The quantized transform coefficients in the form of a two-dimensional array may be rearranged into a one-dimensional array for entropy coding. In relation to methods for scanning a quantized transform coefficient, the size of a transform block and an intra-picture prediction mode may determine which scanning method is used. In an embodiment, diagonal, vertical, and horizontal scans may be applied. This scan information may be signaled on a block-by-block basis, and may be derived based on predetermined rules.

The entropy coding unit 160 generates a video signal bitstream by entropy coding information indicating a quantized transform coefficient, intra encoding information, and inter encoding information. The entropy coding unit 160 may use variable length coding (VLC) and arithmetic coding. The variable length coding (VLC) is a technique of transforming input symbols into consecutive codewords, wherein the length of the codewords is variable. For example, frequently occurring symbols are represented by shorter codewords, while less frequently occurring symbols are represented by longer codewords. As the variable length coding, context-based adaptive variable length coding (CAVLC) may be used. The arithmetic coding uses the probability distribution of each data symbol to transform consecutive data symbols into a single decimal number. The arithmetic coding allows acquisition of the optimal decimal bits needed to represent each symbol. As the arithmetic coding, context-based adaptive binary arithmetic coding (CABAC) may be used.
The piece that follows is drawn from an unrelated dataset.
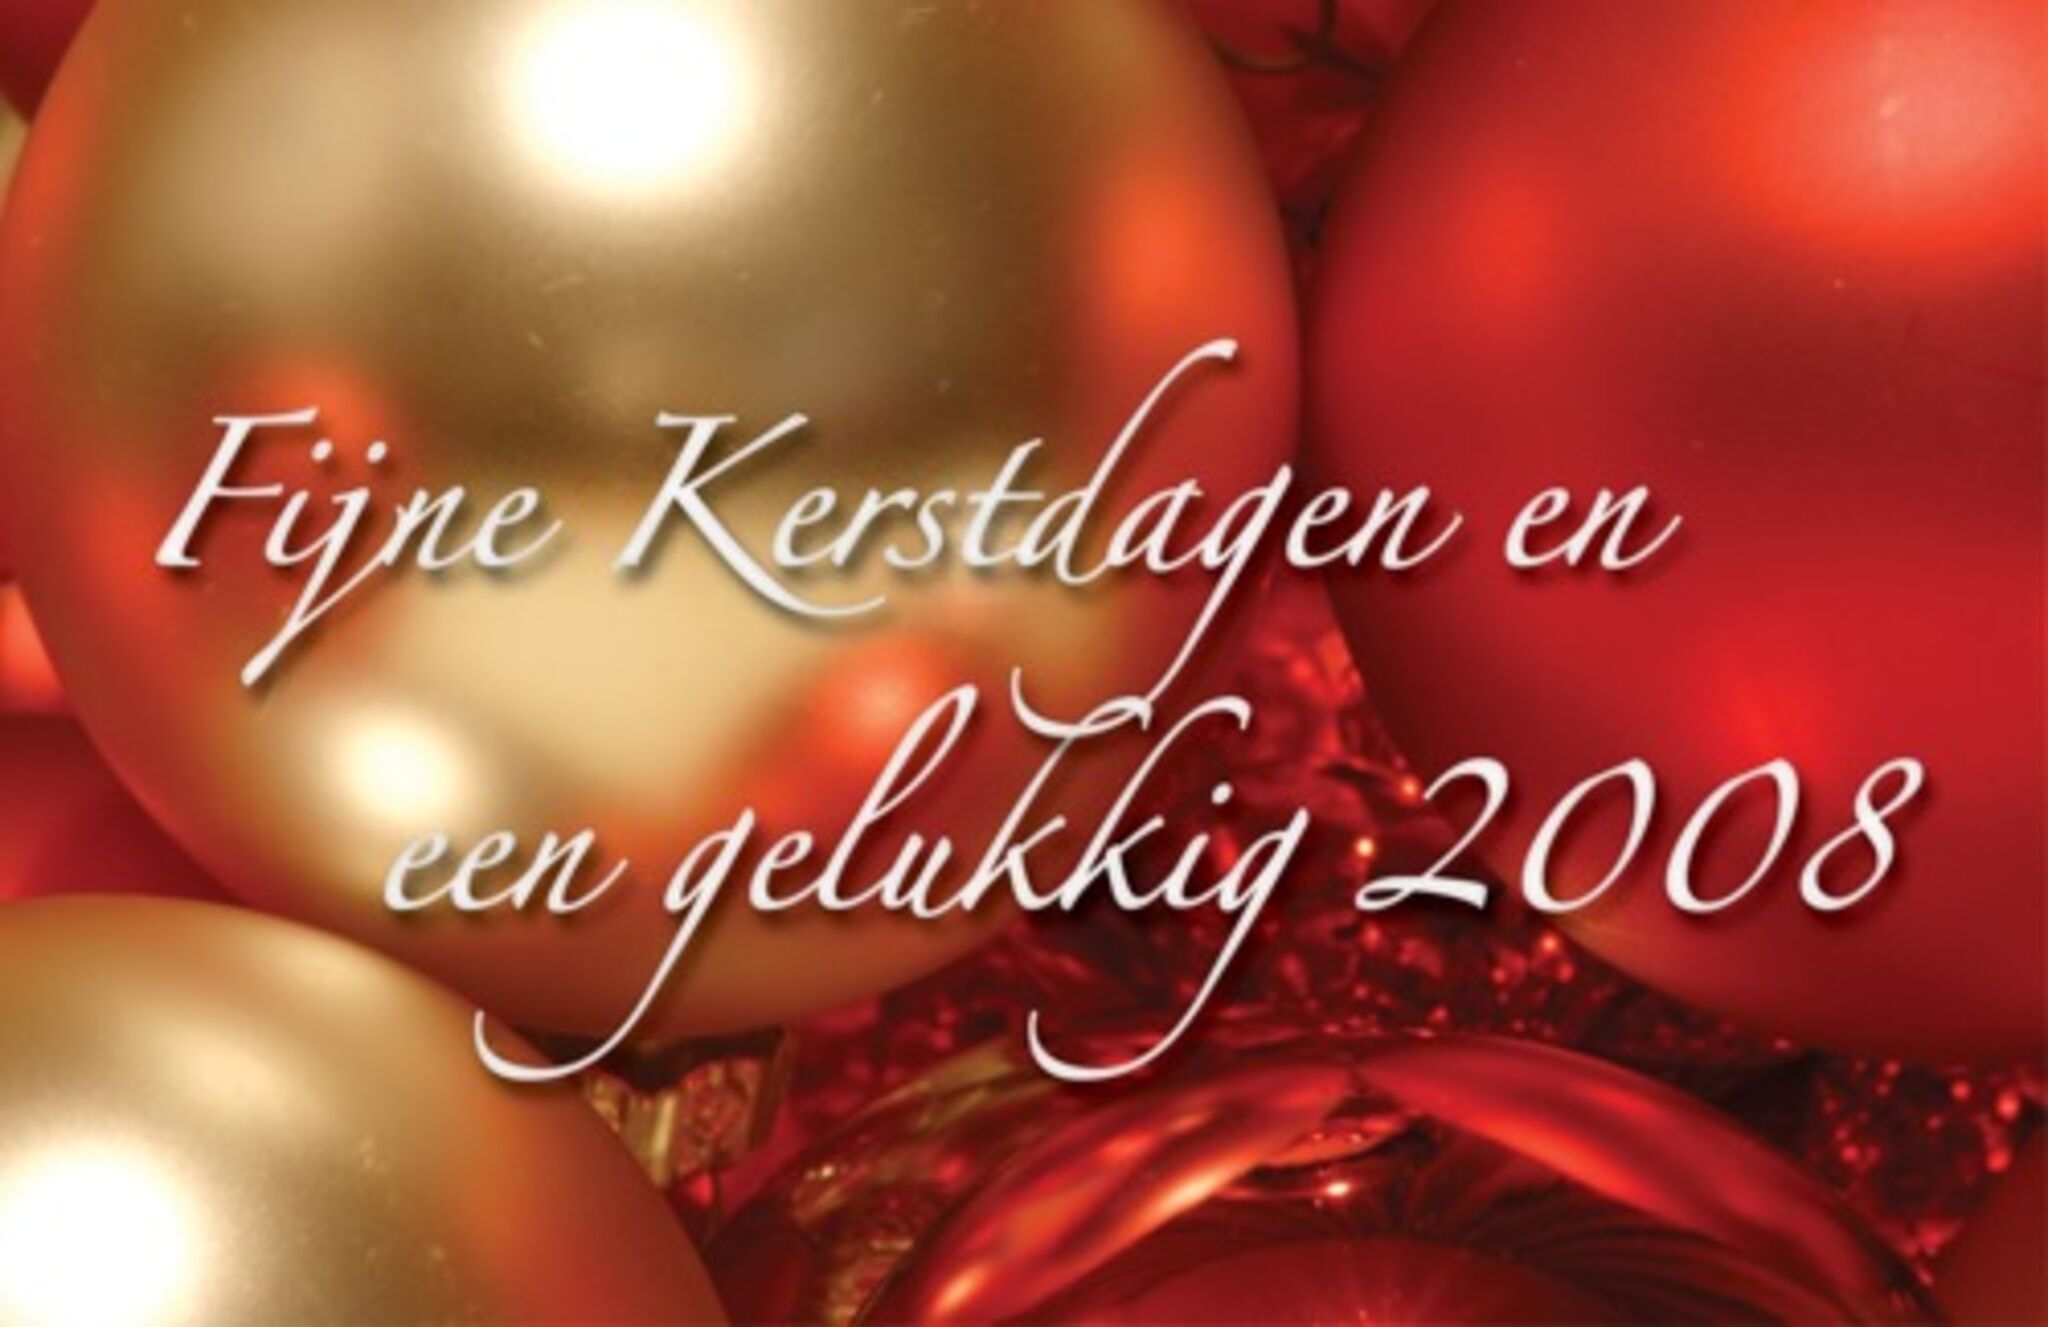 Merry Christmas - Happy 2008!!!’

CABAC is a binary arithmetic coding technique using multiple context models generated based on probabilities obtained from experiments. First, when symbols are not in binary form, the encoder binarizes each symbol by using exp-Golomb, etc. The binarized value, 0 or 1, may be described as a bin. A CABAC initialization process is divided into context initialization and arithmetic coding initialization. The context initialization is the process of initializing the probability of occurrence of each symbol, and is determined by the type of symbol, a quantization parameter (QP), and slice type (I, P, or B). A context model having the initialization information may use a probability-based value obtained through an experiment. The context model provides information about the probability of occurrence of Least Probable Symbol (LPS) or Most Probable Symbol (MPS) for a symbol to be currently coded and about which of bin values 0 and 1 corresponds to the MPS (valMPS). One of multiple context models is selected via a context index (ctxIdx), and the context index may be derived from information in a current block to be encoded or from information about neighboring blocks. Initialization for binary arithmetic coding is performed based on a probability model selected from the context models. In the binary arithmetic coding, encoding is performed through the process in which division into probability intervals is made through the probability of occurrence of 0 and 1, and then a probability interval corresponding to a bin to be processed becomes the entire probability interval for the next bin to be processed. Information about a position within the last bin in which the last bin has been processed is output. However, the probability interval cannot be divided indefinitely, and thus, when the probability interval is reduced to a certain size, a renormalization process is performed to widen the probability interval and the corresponding position information is output. In addition, after each bin is processed, a probability update process may be performed, wherein information about a processed bin is used to set a new probability for the next to be processed.

The generated bitstream is encapsulated in network abstraction layer (NAL) unit as basic units. The NAL units are classified into video a coding layer (VCL) NAL unit, which includes video data, and a non-VCL NAL unit, which includes parameter information for decoding video data. There are various types of VCL or non-VCL NAL units. A NAL unit includes NAL header information and raw byte sequence payload (RBSP) which is data. The NAL header information includes summary information about the RBSP. The RBSP of a VCL NAL unit includes an integer number of encoded coding tree units. In order to decode a bitstream in a video decoder, it is necessary to separate the bitstream into NAL units and then decode each of the separate NAL units. Information required for decoding a video signal bitstream may be included in a picture parameter set (PPS), a sequence parameter set (SPS), a video parameter set (VPS), etc., and transmitted.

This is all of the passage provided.